Charles Bronson was also known as "The Birdman". Why he was given this name is never said in "Bronson". It could be because of the birds that feature in his art. Or it is the prisoner's cliche (myth?) of the little bird friend (one does crawl in through a hole and provide momentary salvation in their company). The Mariel take on this is it is like that bull shit ending of One Flew Over the Cuckoo's Nest. Remember when the Chief busts the hell out of dodge? Run for our lives! Happy day. Only he's not, for their lives. The caged bird sings for whom and the free bird sings for them. It's something and is it ever enough? There is someone else in one of those clinical folding chairs for scheduled pills and orchestrated "fun". Progress slides back. Someone else flies away and someone else is going to be fucked. One documentary to expose psychotropic mind control drugs on their word against ours mental patients does fuck all to help someone somewhere else. If it isn't constant vigilance it is going to slide back. I see Charles Bronson as that heads you lose coin. The two-faced smile of insanity. The other side knows just how fucked up everything is. He is his own worst enemy and he knows it. Every chance he ever had he gives them the finger up his own ass. A prison with nice food, a good job? Fuck off. Behave and it'll go smoother. Fuck off. Hope and when you can't carry on any longer vigilance. He gets to where he has to have the isolation that is destroying him so that others will be safe from his explosions. I know that he was pretty much a dangerous psychopath as far as some of the unfortunate inmates or screws were concerned. I say "The Birdman" because he could be any of them. The fist, or the face. The finger, or the ass. How do you hold on to your sanity in prison? Keep your head down? The old lie that you only do two days- the day you get in and the day you get out? They were all Charles Bronson doing the time. You could put yourself in their place through him, when the red haze settles.

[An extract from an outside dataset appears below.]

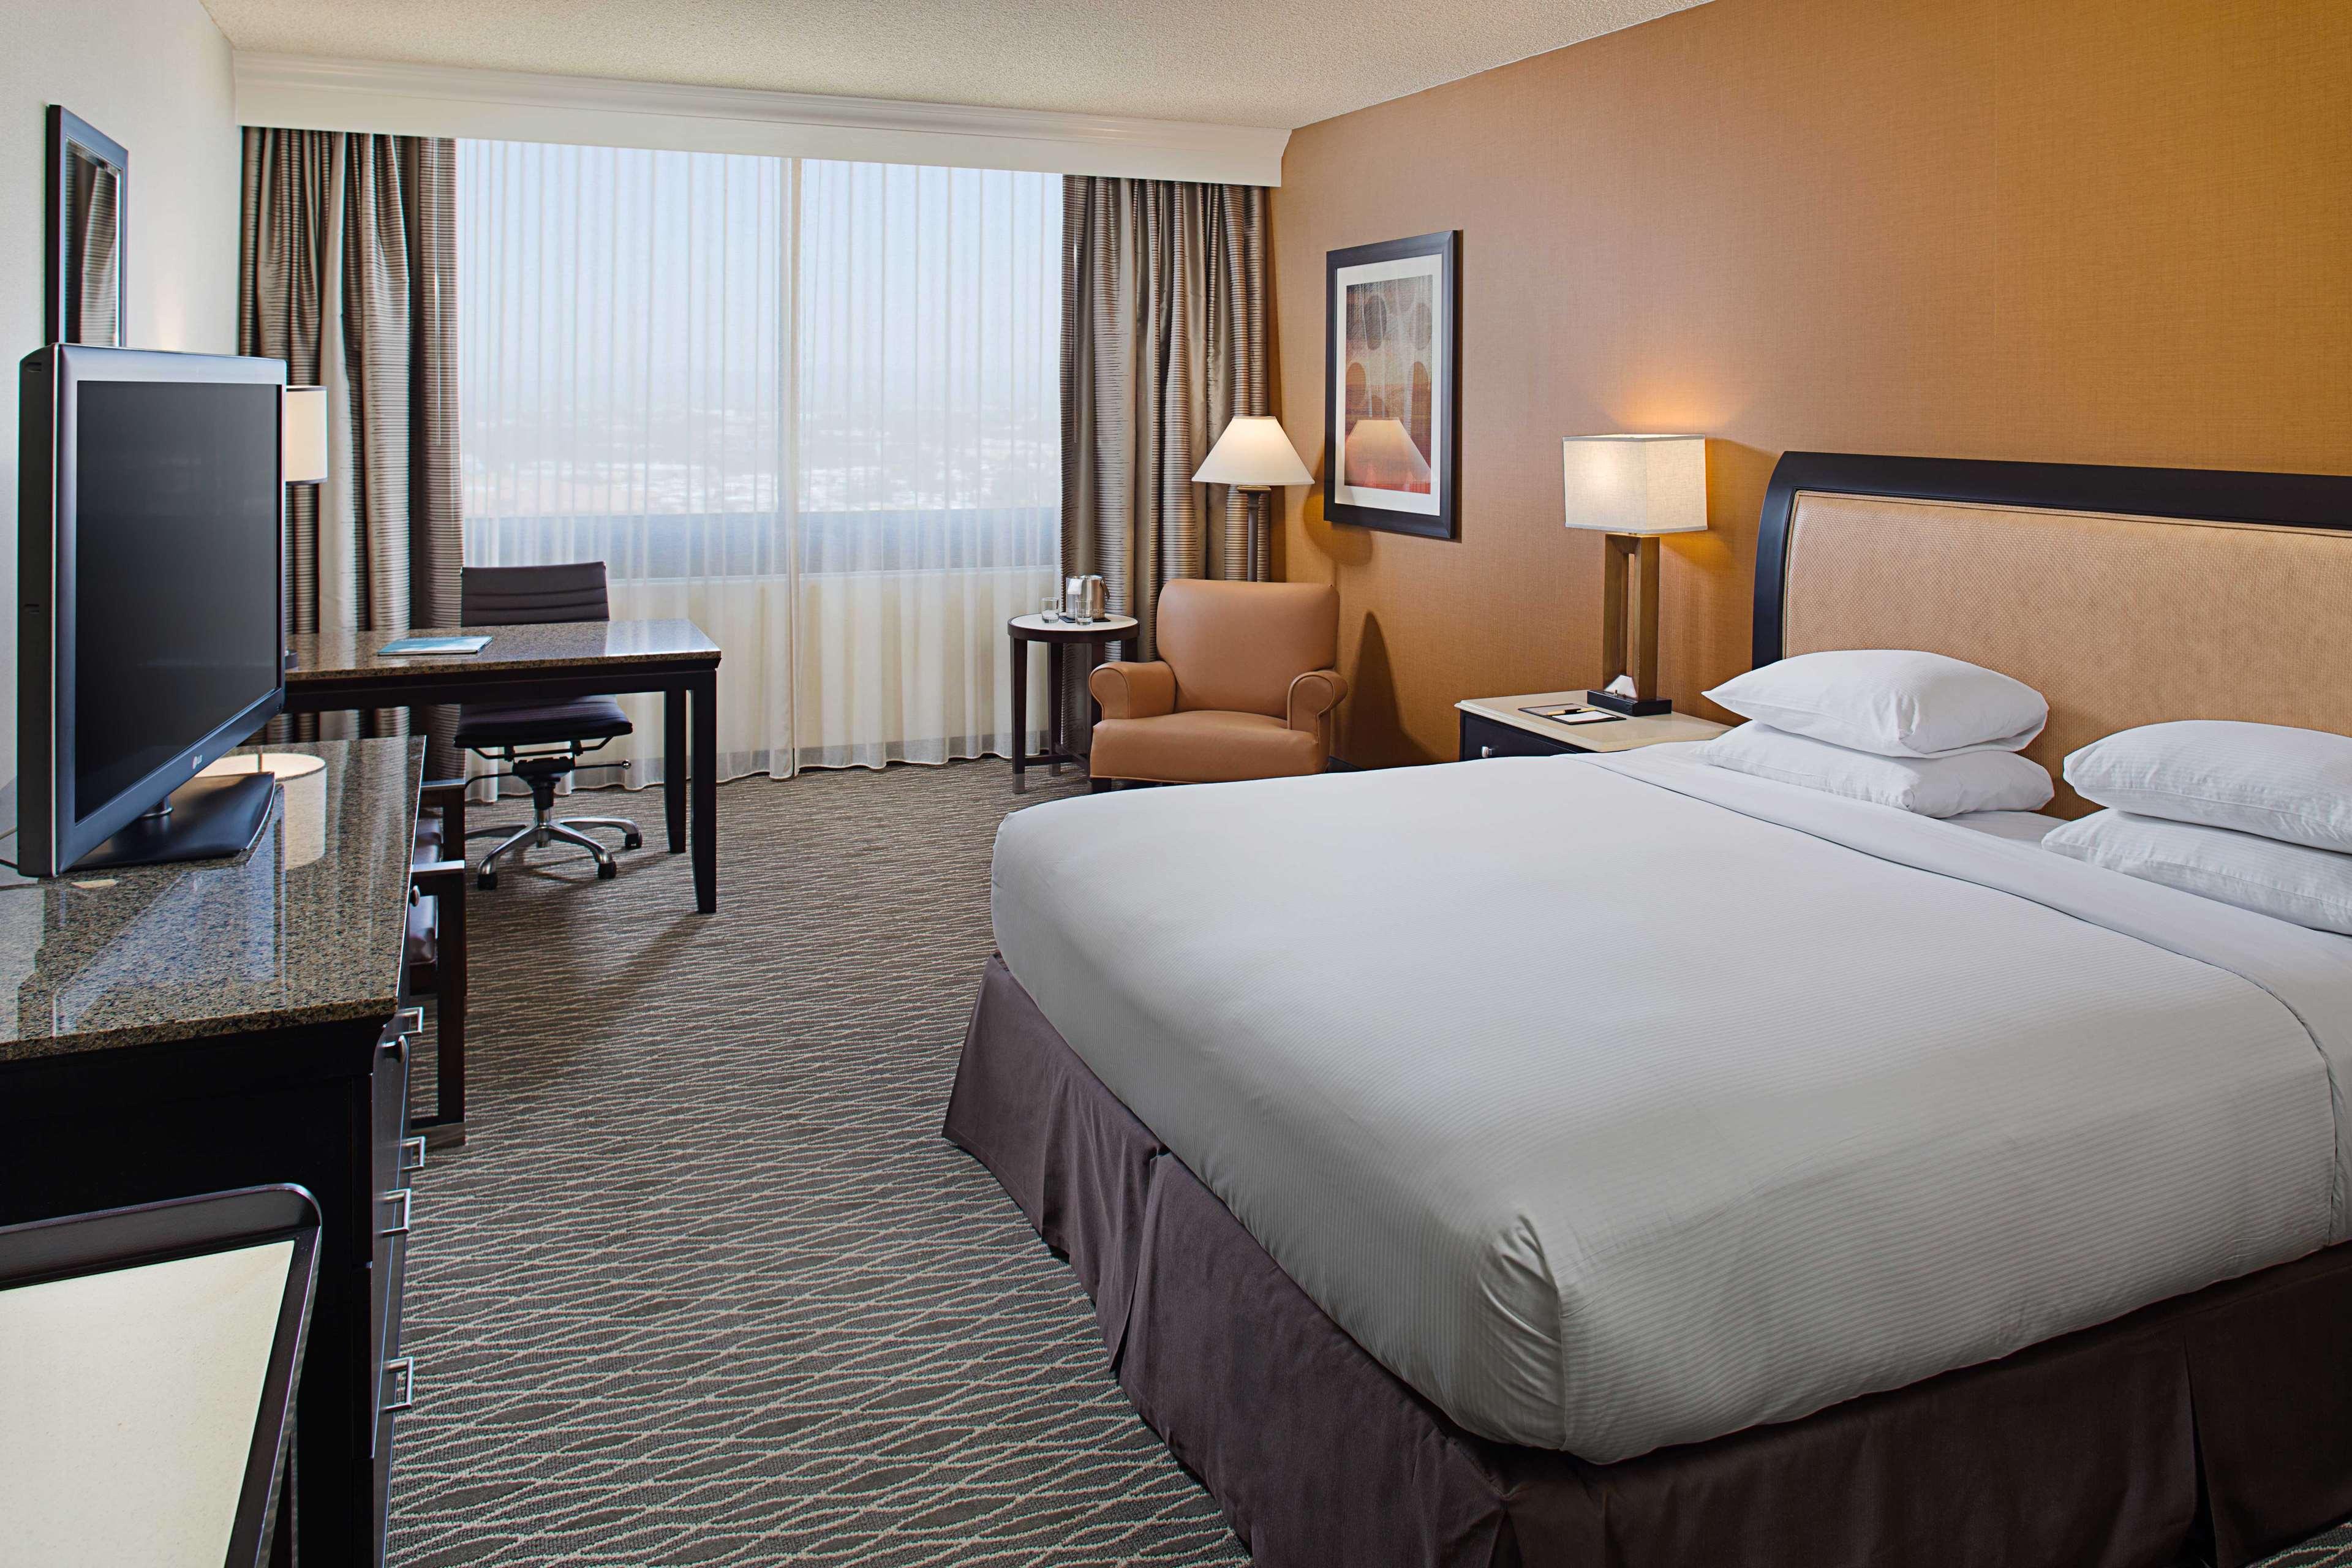 DoubleTree by Hilton Hotel Anaheim - Orange County image 38
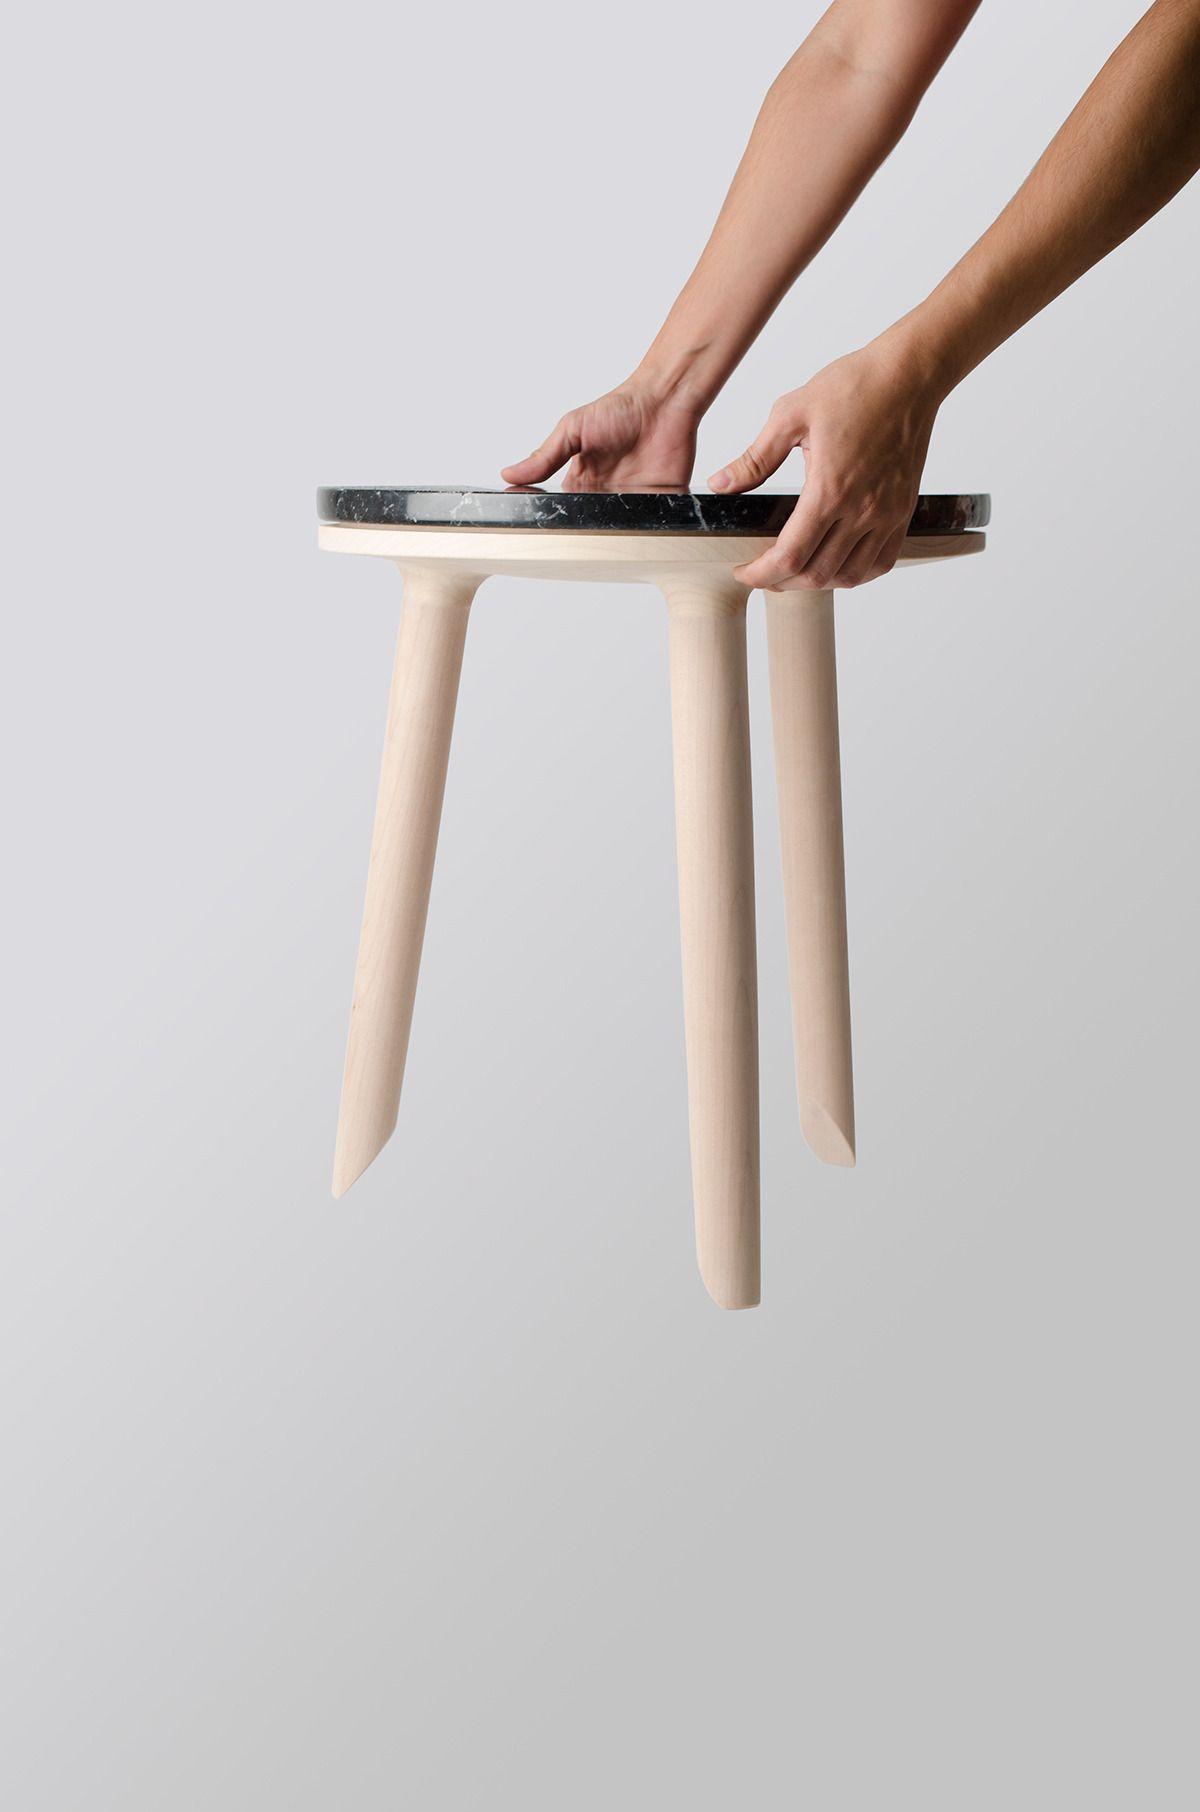 H E I D E G G E R Stool Sidetable By Yolanda Alarcón Logocore White Leather Dining Chairs Beach Chair Umbrella Boho Chair

My faith in humanity has its own ping pong killer hand swing from proof that anyone can be more than this. Charles Bronson was more than a "Britain's most dangerous criminal". People do truly horrible things to themselves and others. The film version directed by Nicolas Winding Refn is one of my personal favorites. I hold up Tom Hardy's portrayal of Bronson to be visual proof that empathy with another person exists. There may not be another moment in cinema that haunts me more than the ending of Bronson in his Lector cage. He can't stop himself from ruining his own life and fighting any good chance he'll ever get. He loses his own mental battles again and again. The cage shot killed me. He has to stay in there. He "won" a ruined life. He would do it again if given the chance. Now that I've read the book I have to say that the film got a lot wrong. Bronson was not happy to be in prison. His mental struggle fights against institutionalization at his own cost. He cannot allow himself peace because that cha chung leaden sound leads to accepting that he'll never get out, that this is life. At the same time, he has given up ever getting out in the face of his own mental defeat. That his cell was a hotel room to hone his skills was bull shit. His mental insanity is his greatest pain. It is not his gift to make it to tomorrow to stay there forever if that one impossible day could have been won without reciprocal brutality. The moments of clarity are who he is and they make when he loses himself that much worse for him. It's tragic that anyone has to live like that. They got it right that it is what keeps him there. The "Fuck you" will is the loss of the will to live. Bronson wrote a memoir to have something to do. It's a mental pep talk in writing as much as it is an account of his life. I don't believe he ever had a stage in his mind. I wish he had one. I wish that he didn't. If he didn't he wouldn't be there. I don't know how he could survive with or without it. I'm lost.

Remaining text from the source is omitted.